— Data block —
::::::::

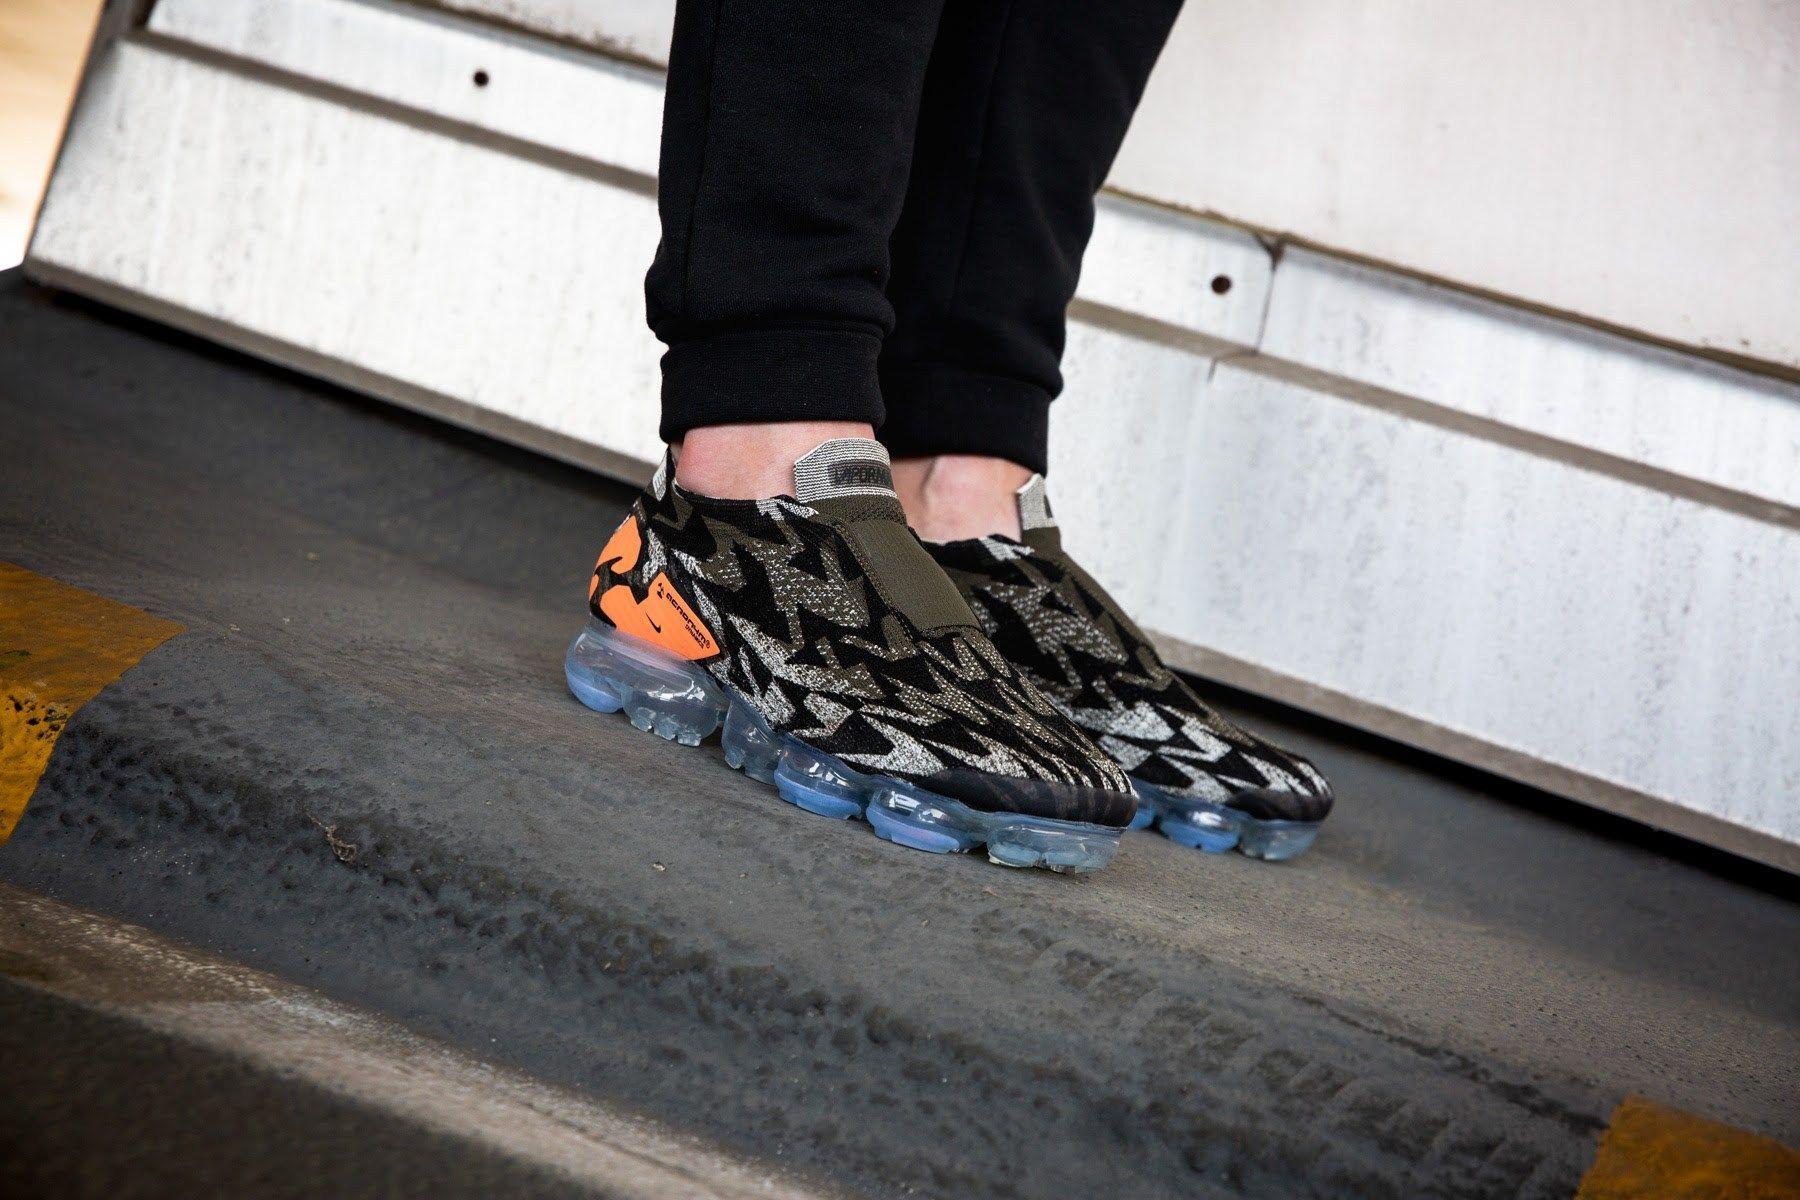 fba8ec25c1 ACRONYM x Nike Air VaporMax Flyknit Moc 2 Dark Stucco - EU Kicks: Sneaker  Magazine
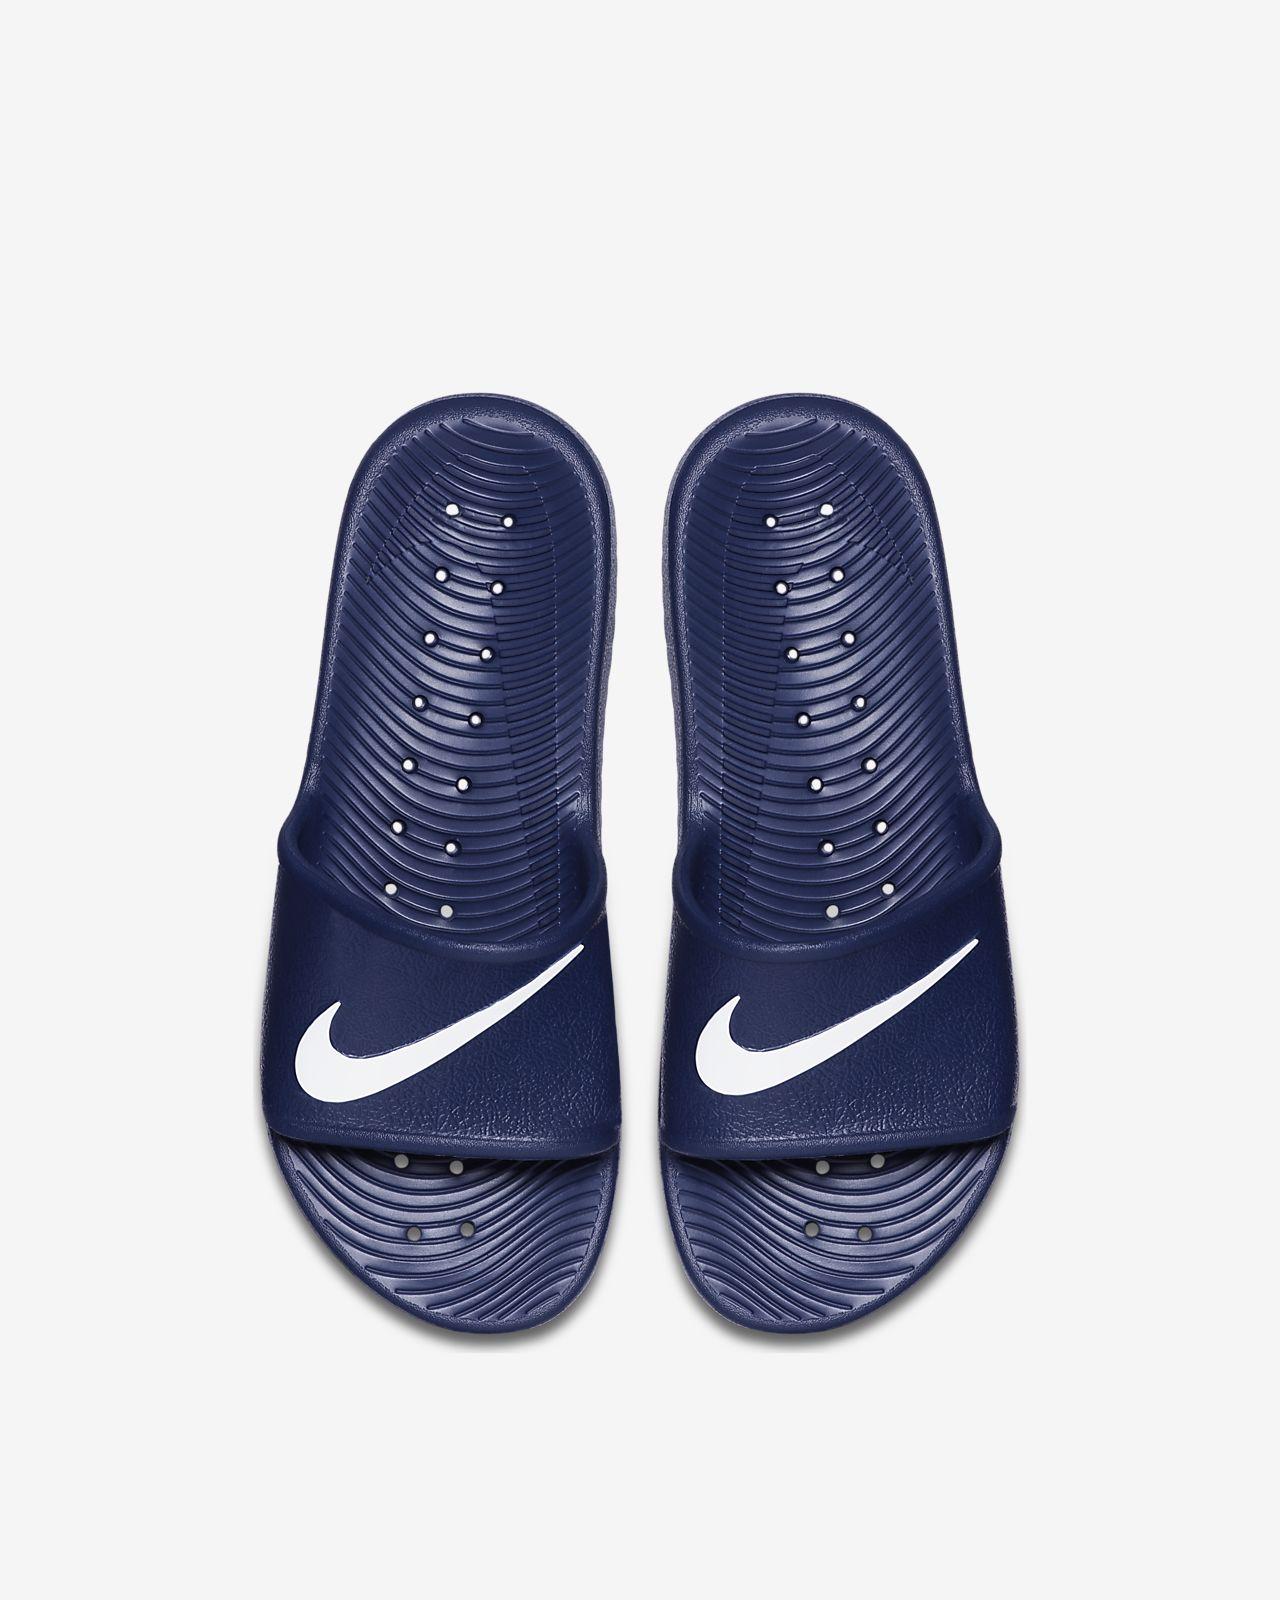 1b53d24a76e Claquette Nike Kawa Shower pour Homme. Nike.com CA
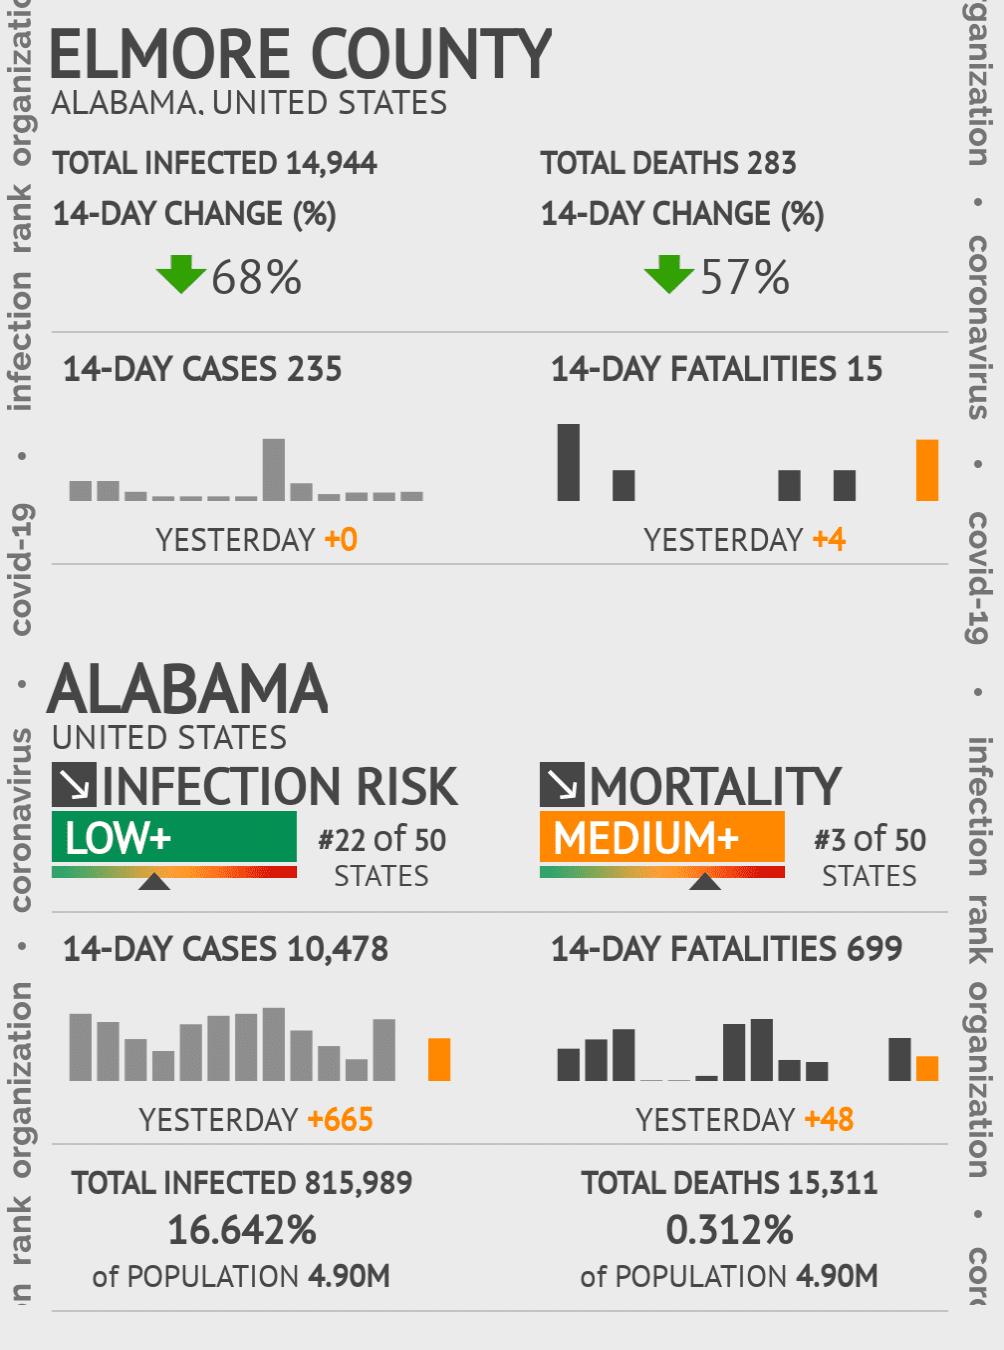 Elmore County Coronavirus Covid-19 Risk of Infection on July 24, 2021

::::::::

— What this task involves —
In full and without change, repeat the material above, minus the pictures.

— Reply to the exercise —
 fba8ec25c1 ACRONYM x Nike Air VaporMax Flyknit Moc 2 Dark Stucco - EU Kicks: Sneaker  Magazine
 1b53d24a76e Claquette Nike Kawa Shower pour Homme. Nike.com CA
 Elmore County Coronavirus Covid-19 Risk of Infection on July 24, 2021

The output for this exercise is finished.